— Given material —

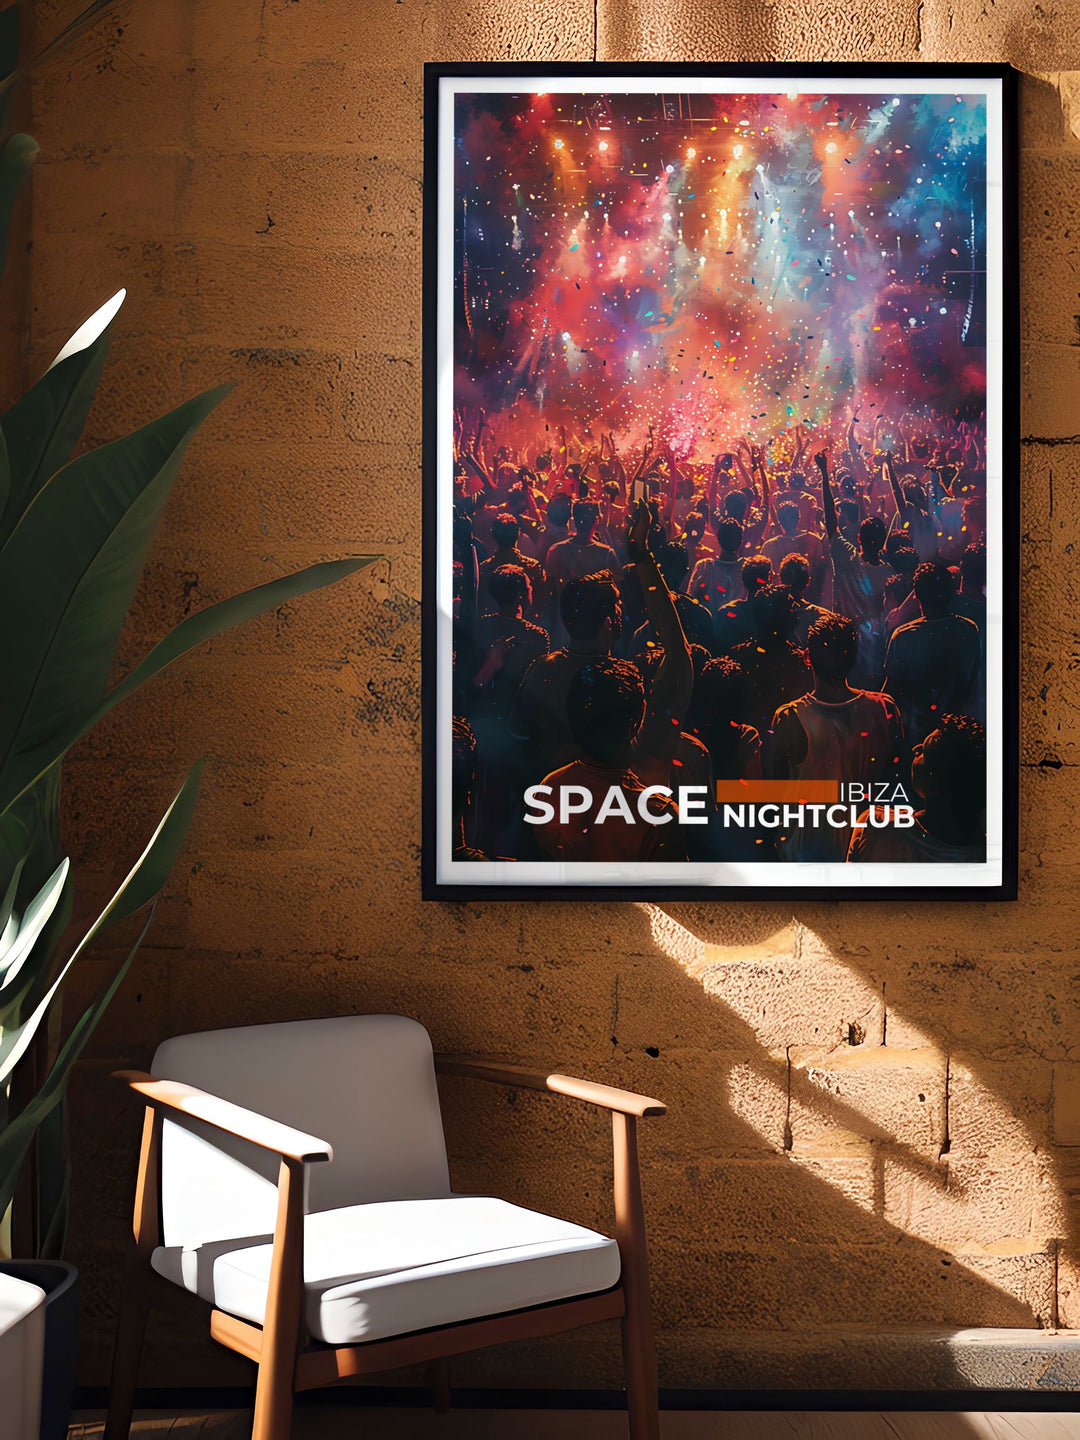 Space Nightclub wall art, celebrating the iconic venues contribution to electronic dance music and Ibiza nightlife.
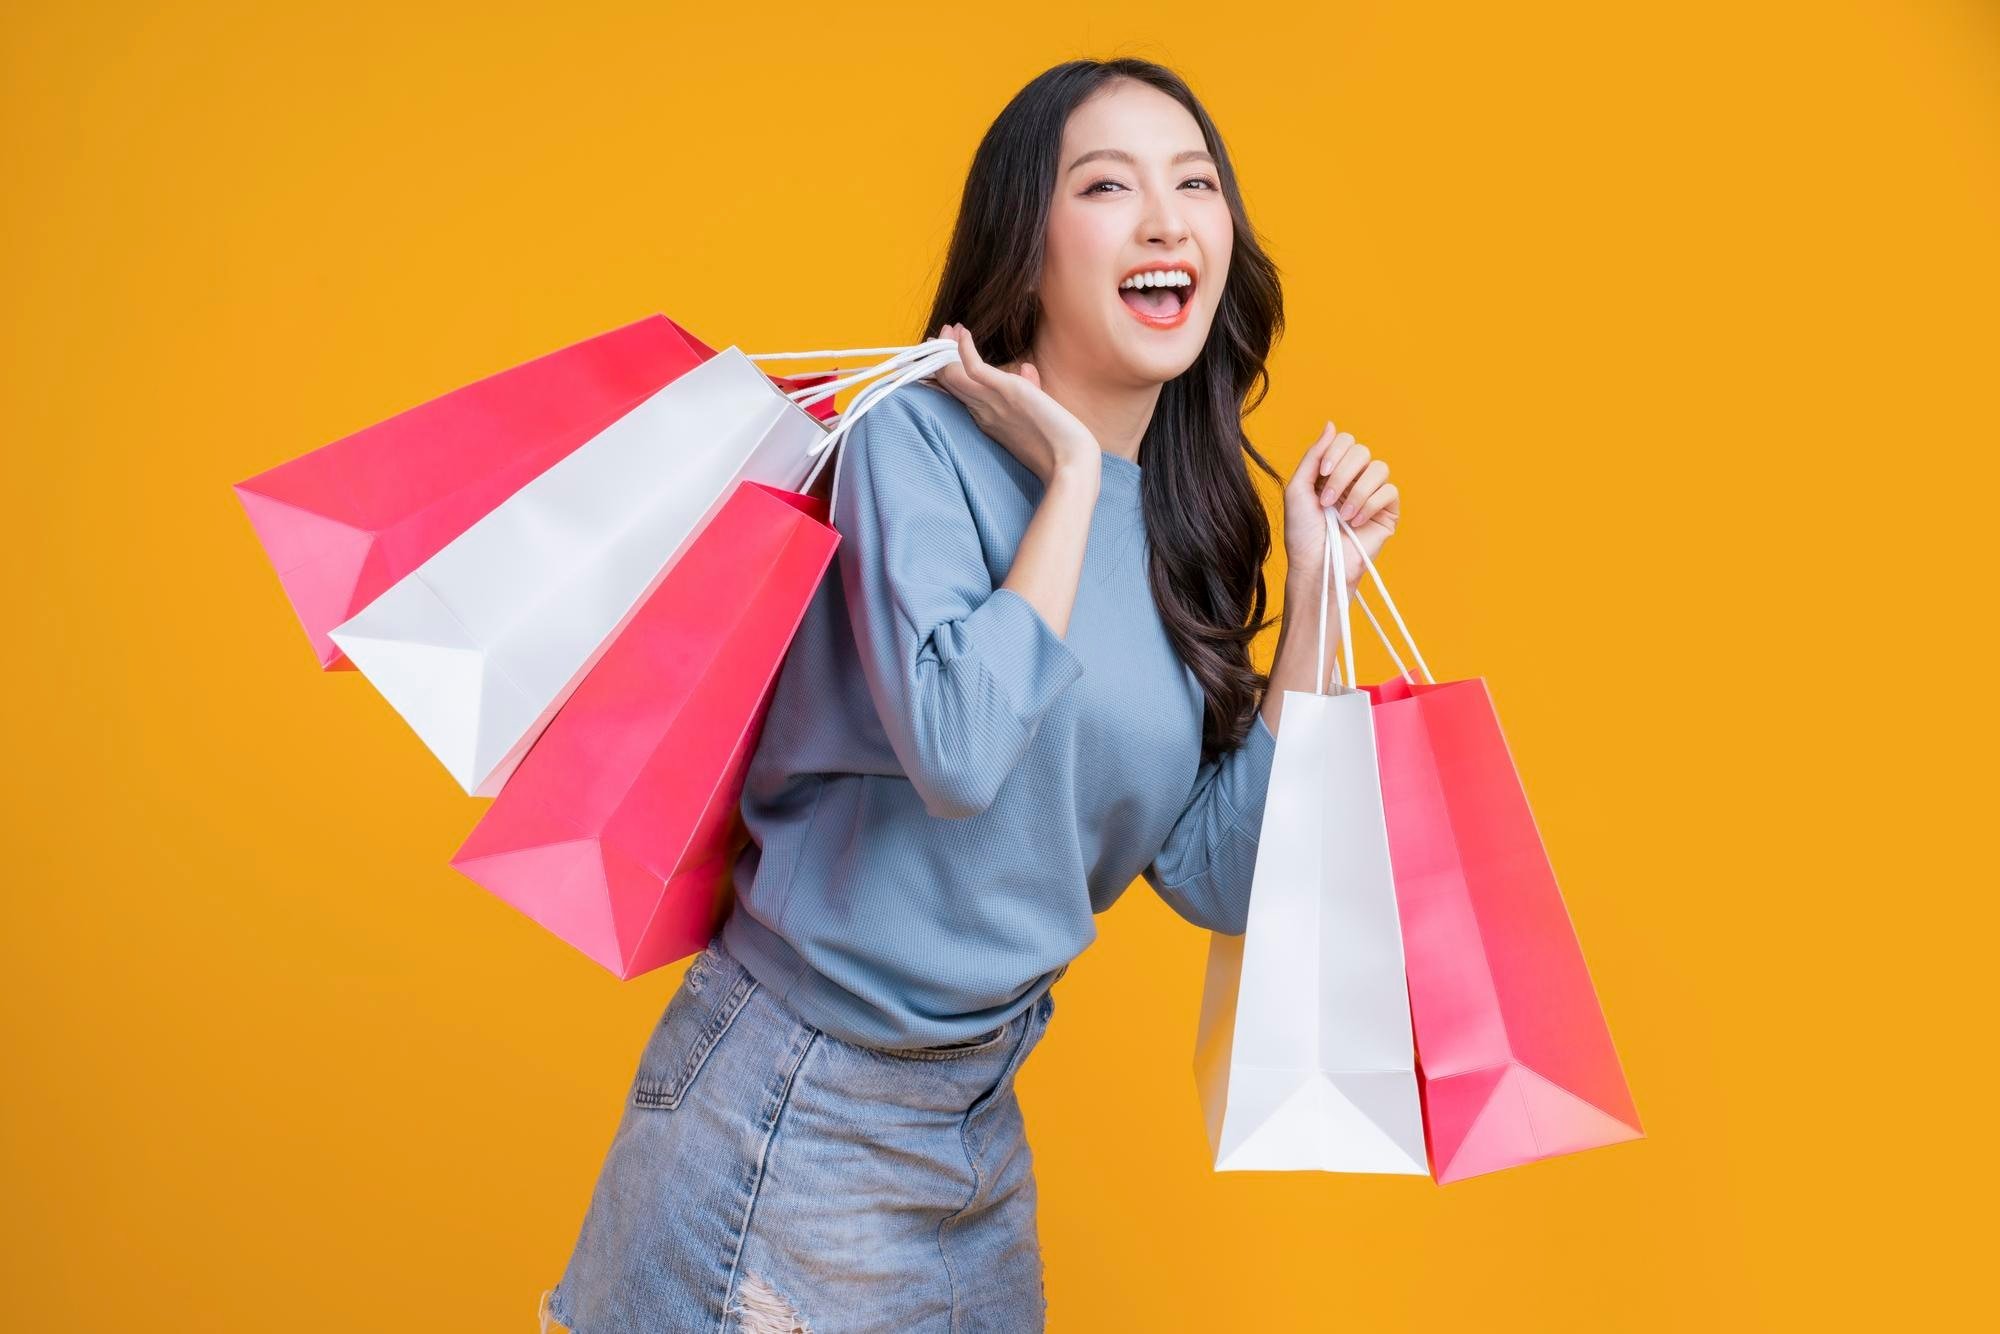 asian happy female woman girl holds colourful shopping packages standing yellow background studio shot close up portrait young beautiful attractive girl smiling looking camera with bags 609648 3029 1
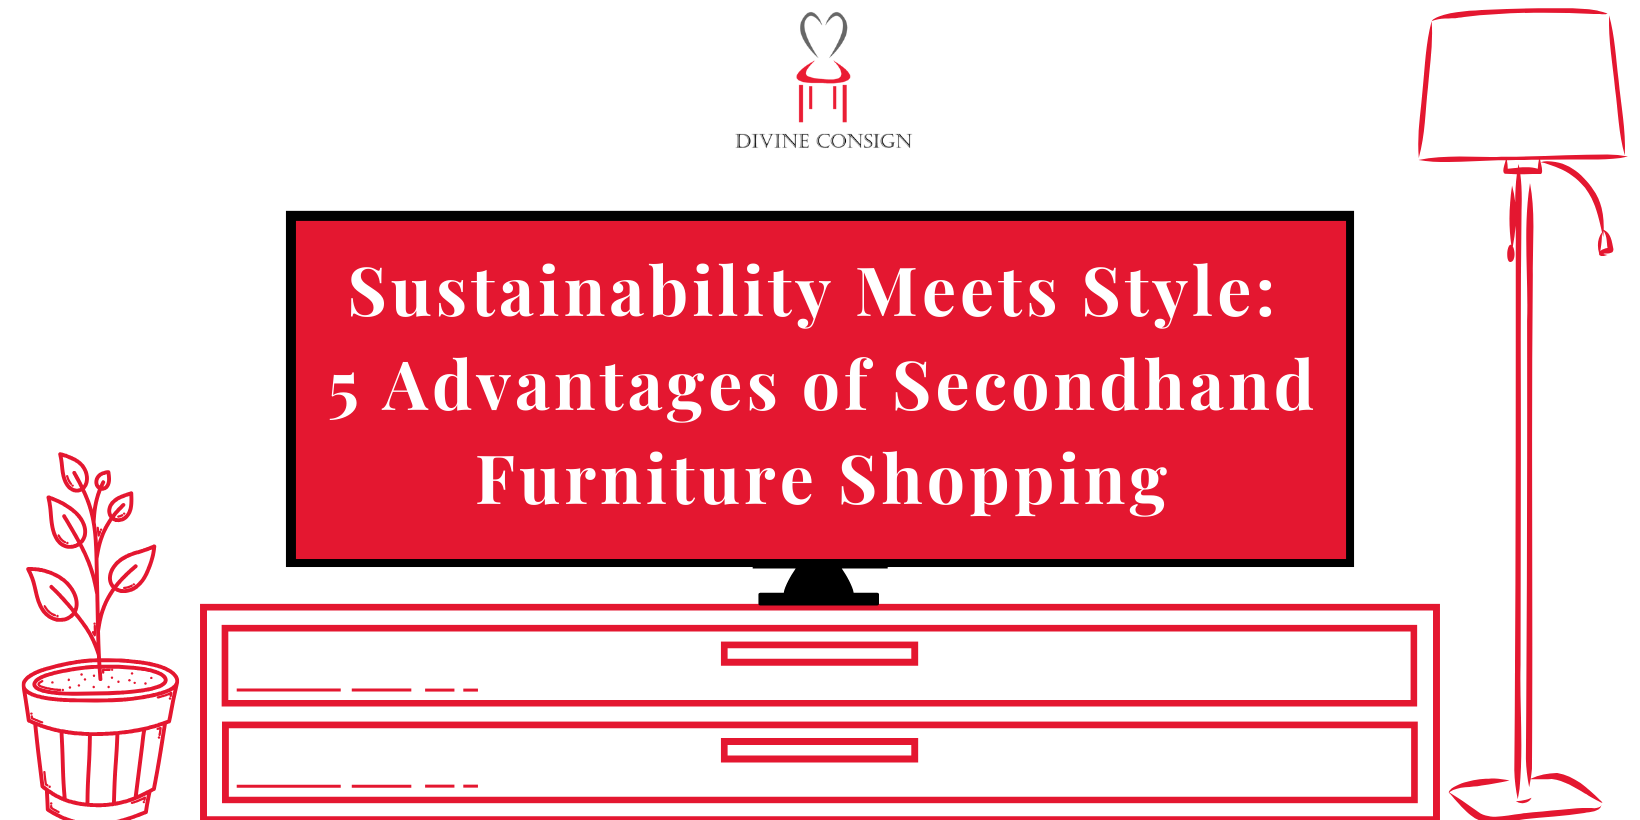 Sustainability Meets Style: 5 Advantages of Secondhand Furniture Shopping
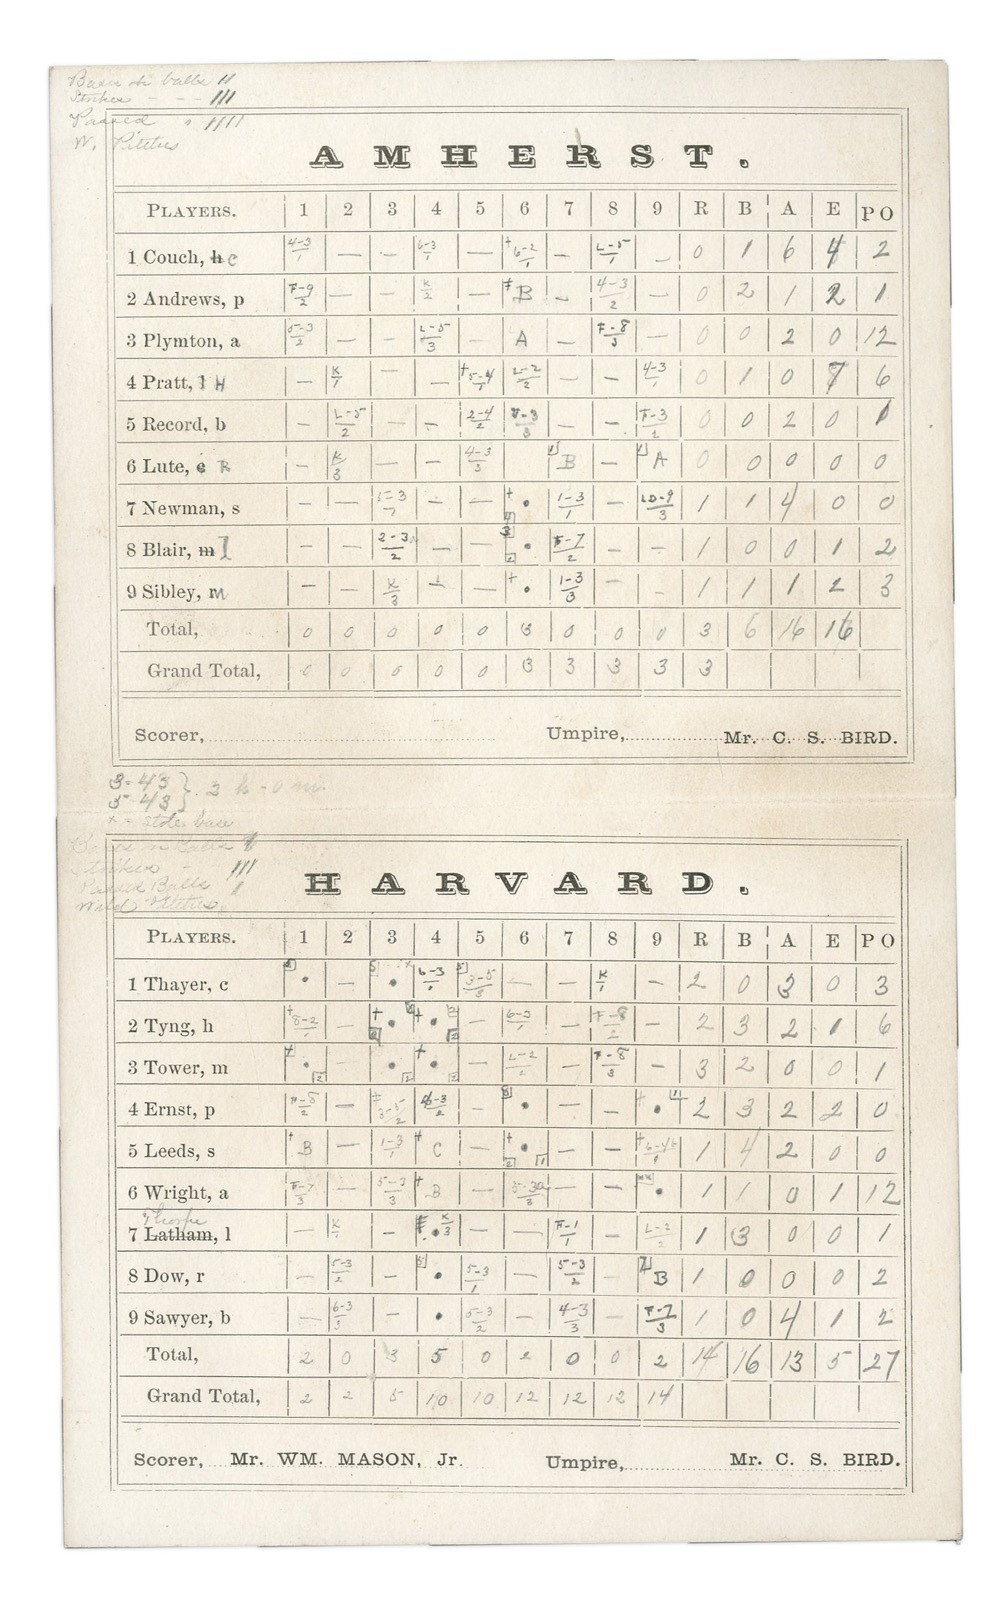 The Ivy League And Collegiate Program Archive - Circa 1877 Harvard Baseball Scorecard and Season Tickets with Thayer & Tyng

— Task requirements —
All of the data above must be printed exactly, minus its pictures.

— Problem solution —
 Space Nightclub wall art, celebrating the iconic venues contribution to electronic dance music and Ibiza nightlife.
 asian happy female woman girl holds colourful shopping packages standing yellow background studio shot close up portrait young beautiful attractive girl smiling looking camera with bags 609648 3029 1
 Sustainability Meets Style: 5 Advantages of Secondhand Furniture Shopping
 The Ivy League And Collegiate Program Archive - Circa 1877 Harvard Baseball Scorecard and Season Tickets with Thayer & Tyng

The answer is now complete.